El Doctorcito tuvo la sensación de que el señor Marbe había vacilado un poco antes de contestar, pero no se hubiera atrevido a jurarlo.
—En resumen, usted y su hermana Eloísa vivían felices en esta casa desde hacía cuatro años y sin tener enemigos; usted pasaba el rato jugando a las cartas, y su hijo, que nació en Tahití, era profesor de natación en Niza.
—Desde hace un año solamente —intervino el señor Marbe.
—De acuerdo. Pero, desde hace tres meses, un individuo o unos espíritus vienen dos veces por semana, durante la noche, y lo revuelven todo.
—Sí, señor; rigurosamente exacto.
—Pero el individuo en cuestión —supongamos que sea un individuo— no ha robado nunca nada, ni tampoco ha intentado atacarlos. ¿Tiene usted alguna idea del lugar por donde entra en la casa?

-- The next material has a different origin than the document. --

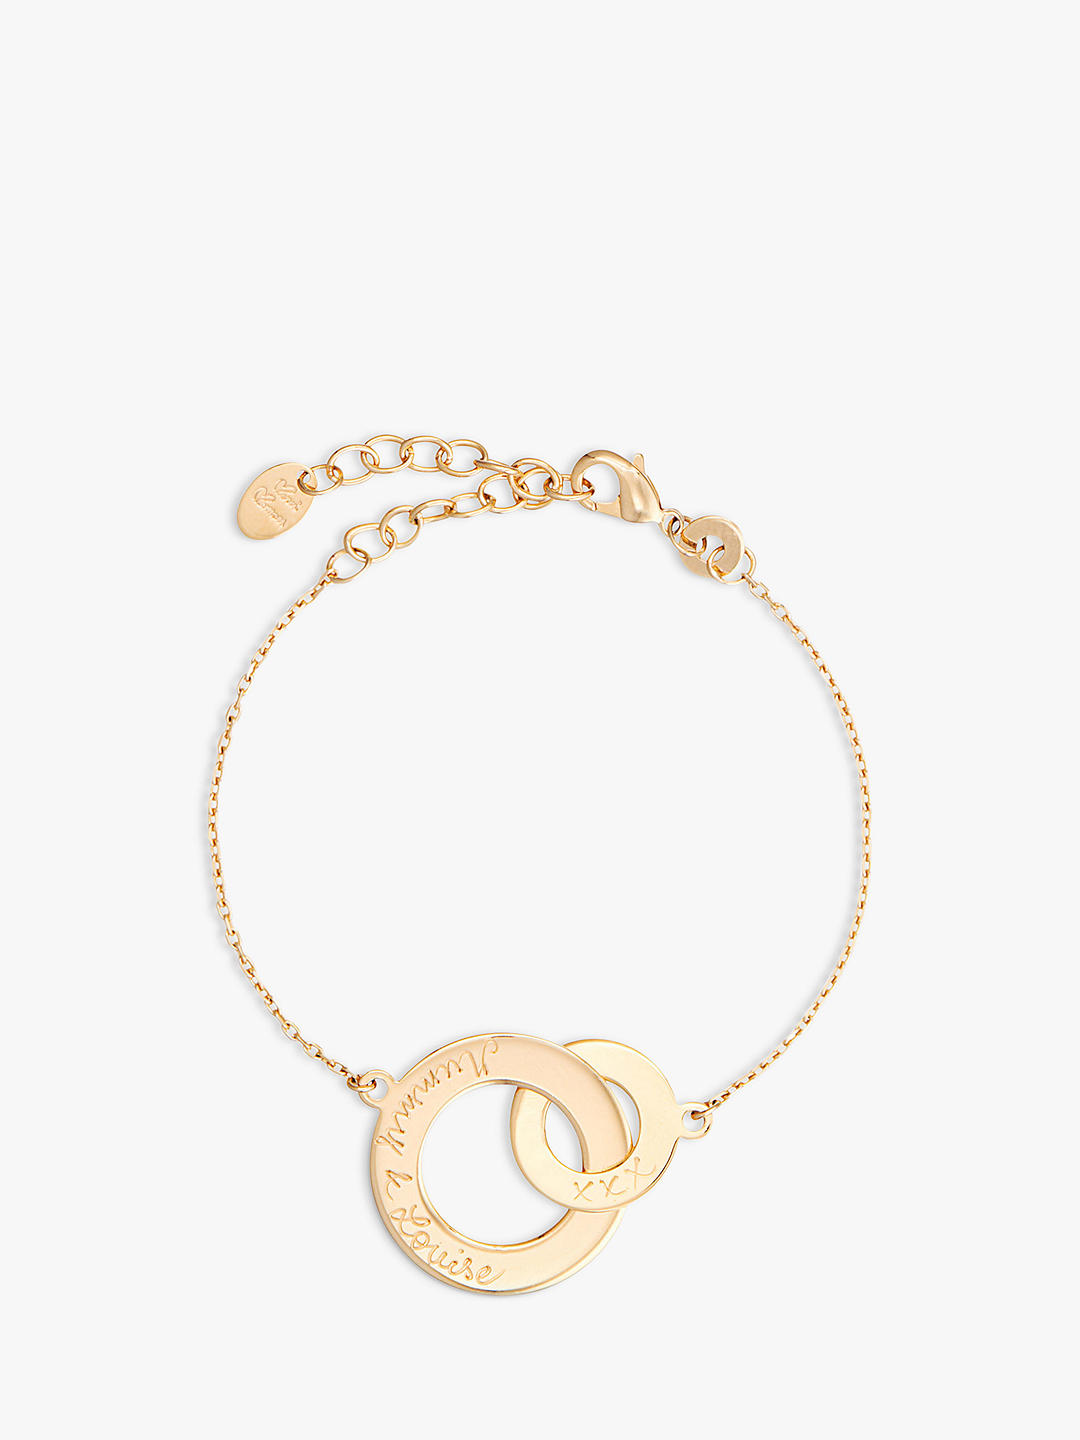 Merci Maman Personalised Intertwined Chain Bracelet, Gold

—Sí, señor; por la puerta.
—¿Cómo dice?
—Digo que por la puerta, pues es imposible que lo haga por otro sitio. Debe de tener un duplicado de la llave, o quizá posea la propiedad de atravesar las paredes… Desde luego, desde hace tres meses dormimos con las ventanas cerradas.

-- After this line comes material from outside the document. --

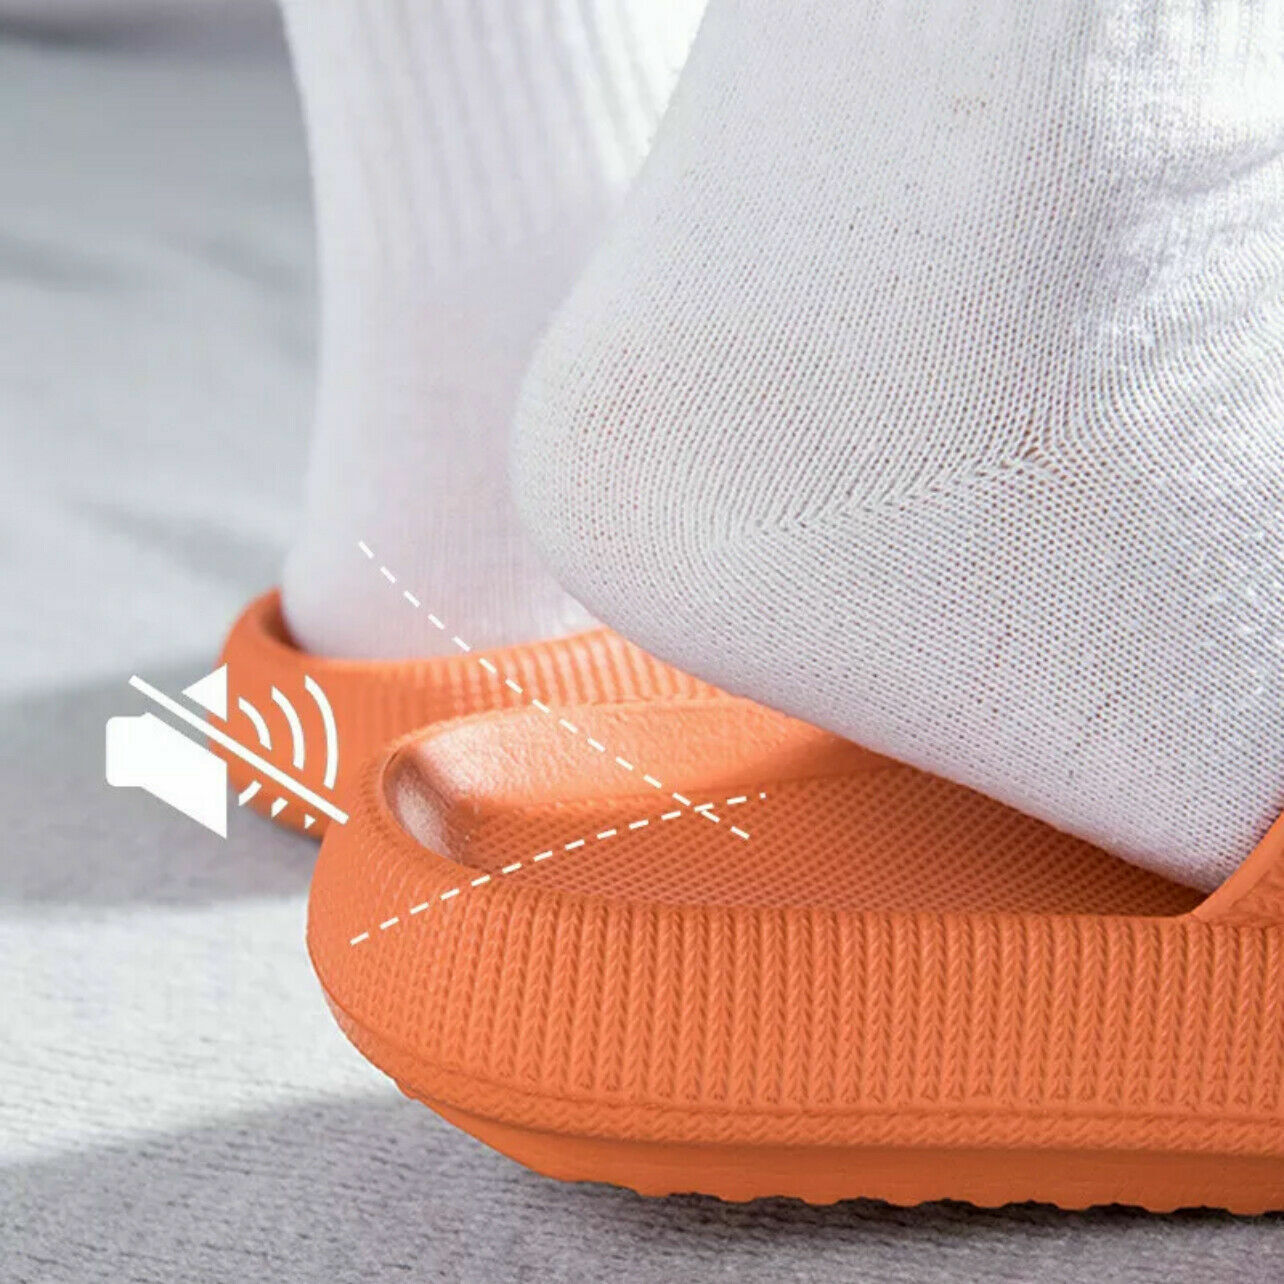 Ultra-Soft Anti-Slip PILLOW SLIDES Sandals Slippers Extra Soft Cloud Shoes AU

—¿Y si nos fuéramos a tomar la bullabesa? —suspiró el Doctorcito.
¿En qué lío se había metido? ¡Y decir que todo lo hacía para deslumbrar a Ana! ¿Y si luego resultaba que el señor Marbe era verdaderamente un loco?

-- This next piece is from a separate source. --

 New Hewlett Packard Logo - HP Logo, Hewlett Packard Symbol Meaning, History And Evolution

De repente tuvo una idea. ¿No sería que el fiscal de Nevers, humillado por su intervención, había dado su nombre al señor Marbe con el único objeto de ponerlo en ridículo? Sin embargo, existían ciertos elementos, no muchos, pero bastante característicos, que el Doctorcito iba archivando en su memoria mientras le servían la bullabesa en la terraza de la Rascasse:
1.° El Sr. Marbe estaba retirado desde hacía seis años.
2.º Había vivido dos años en casa de su hermana.
3.º Había comprado un terreno y hecho una casa.
—Dígame, por favor —dijo de repente Dollent, dirigiéndose a Titin—. ¿Cuánto cree usted que puede valer una casa como la del señor Marbe?
Titin contestó sin vacilar:
—Cuatrocientos cincuenta mil. ¿Verdad, señor Marbe? Si me hubiera escuchado se hubiera economizado treinta mil francos. Pero ahora ya está hecho. ¿Un poco de caldo, señor doctor? ¿Quiere que le ponga un trocito de escorpina y una papa? Créame, la papa absorbe el azafrán y mejora el gusto. ¿Qué tomarán después de la sopa, señor Marbe? ¿Quieren que les ase tres hermosos «lobos» con un poco de hinojo?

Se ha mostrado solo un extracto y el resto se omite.